Lalu yang ketiga adalah hidup negara berada dalam keadaan bahaya atau dari keadaan-keadaan khusus ternyata ada atau dikhawatirkan ada gejala-gejala yang dapat membahayakan hidup negara.
Melihat Perpu tersebut, Bhima menilai opsi darurat sipil tidak sesuai dengan kondisi Indonesia saat ini jika dilihat dari perspektif ekonomi.
Karena menurutnya, kehadiran negara sangat berbeda antara opsi darurat sipil dan karantina wilayah.
"Jadi dalam perspektif ekonomi, darurat sipil jelas lebih buruk dari karantina wilayah karena kehadiran negara sama sekali berbeda di dua kebijakan yang kontras itu," tegas Bhima.
Lebih lanjut ia melihat pemerintah cenderung menghindari opsi karantina wilayah yang merujuk pada Undang-undang (UU) Kekarantinaan Kesehatan Tahun 2018 tentang kewajiban pemerintah memenuhi kebutuhan dasar bagi rakyatnya jika terjadi kondisi yang disebabkan munculnya wabah penyakit.
"Pemerintah seakan menghindari tanggung jawab pemenuhan kebutuhan pokok," kata Bhima.

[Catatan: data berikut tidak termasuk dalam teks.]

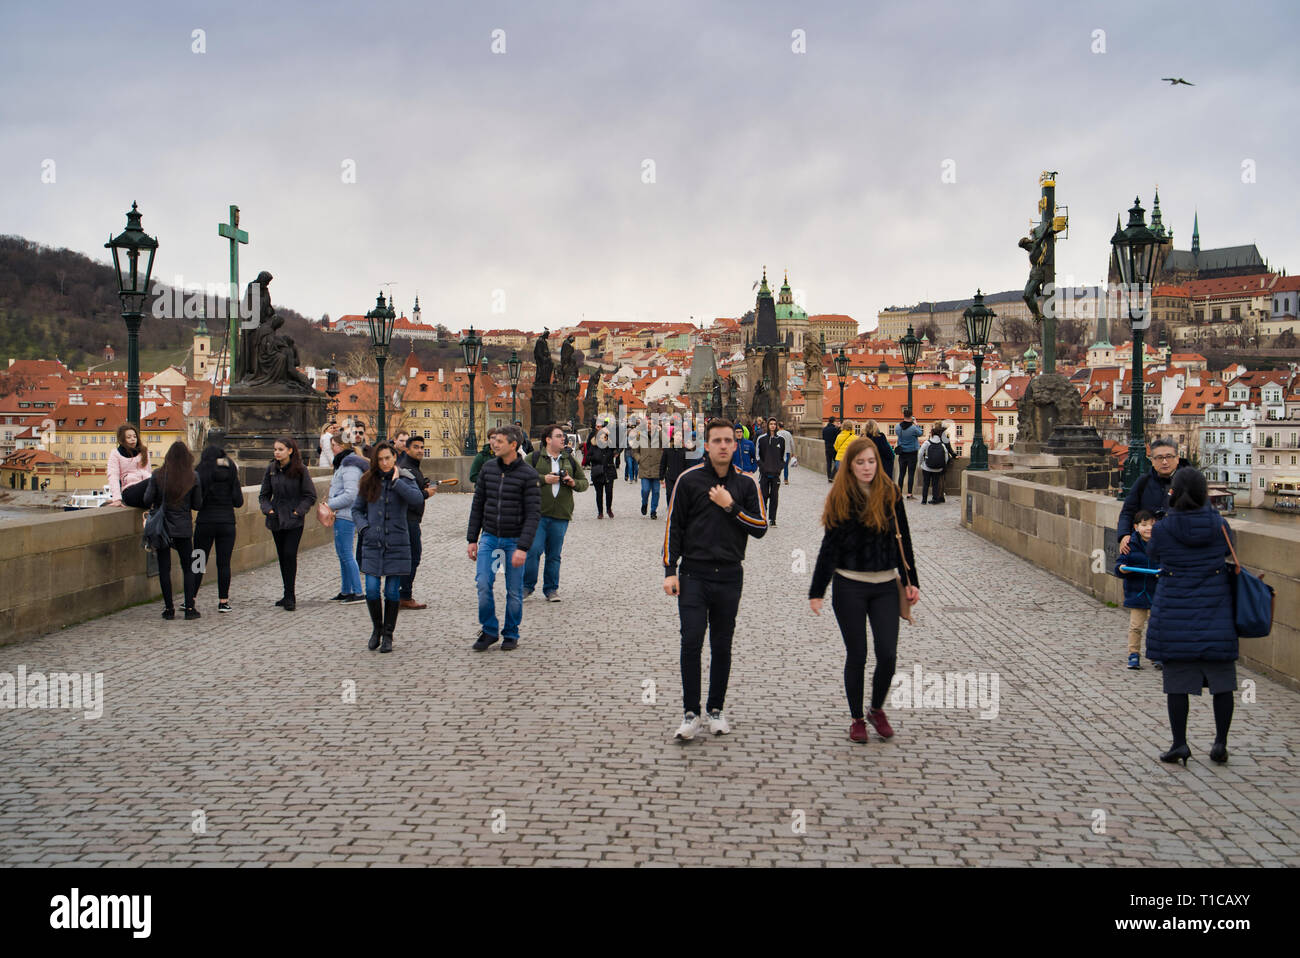 Praga, Repubblica Ceca - Marzo 04, 2019: Charles Bridge (Karluv Most), la vista della città vecchia e molti turisti a piedi Foto Stock
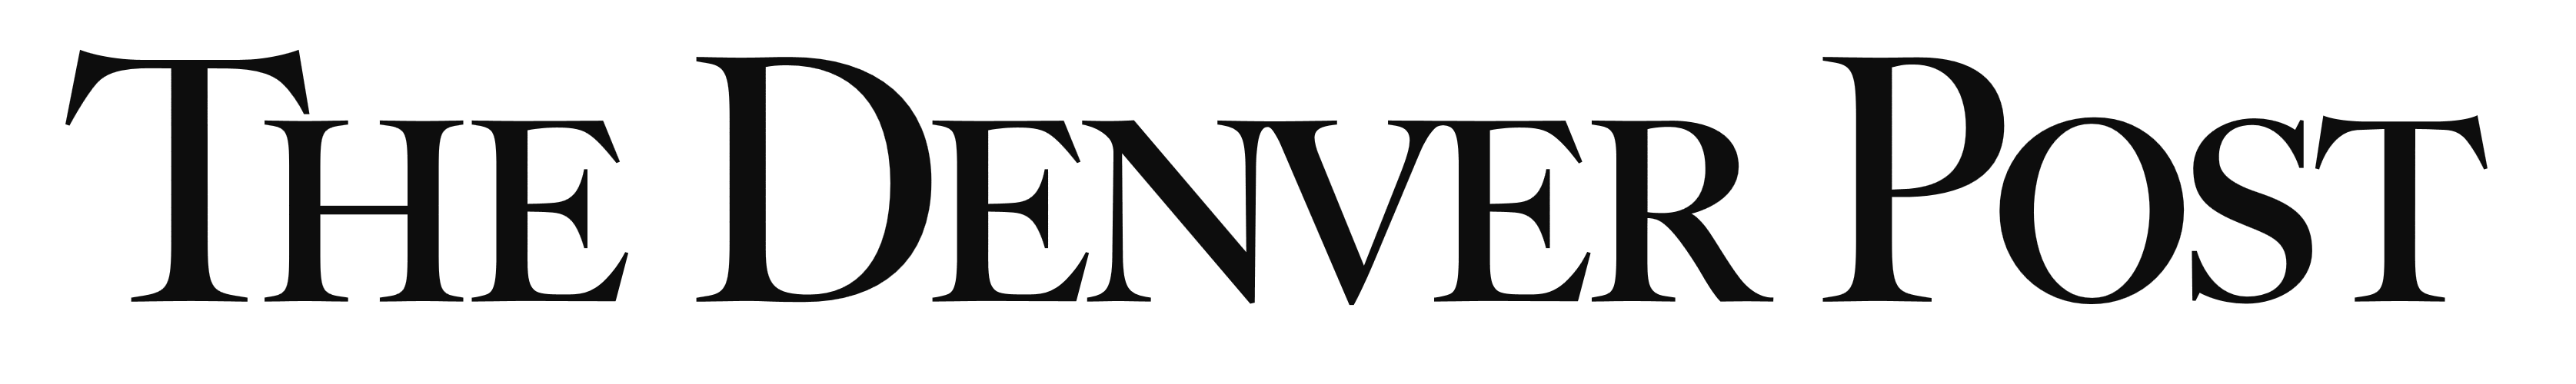 The Denver Post logo, logotype

Baca: Pantau Pergerakan Pemudik di Tengah Pandemi Virus Corona, Desa Diminta Buat Pos Jaga Gerbang
Pemerintah memang saat ini memilih untuk menggunakan opsi darurat sipil dibandingkan karantina wilayah.
Padahal sebelumnya Presiden Joko Widodo (Jokowi) telah menandatangani UU Kekarantinaan Kesehatan Tahun 2018 untuk menjadi payung hukum dalam upaya penanggulangan wabah penyakit.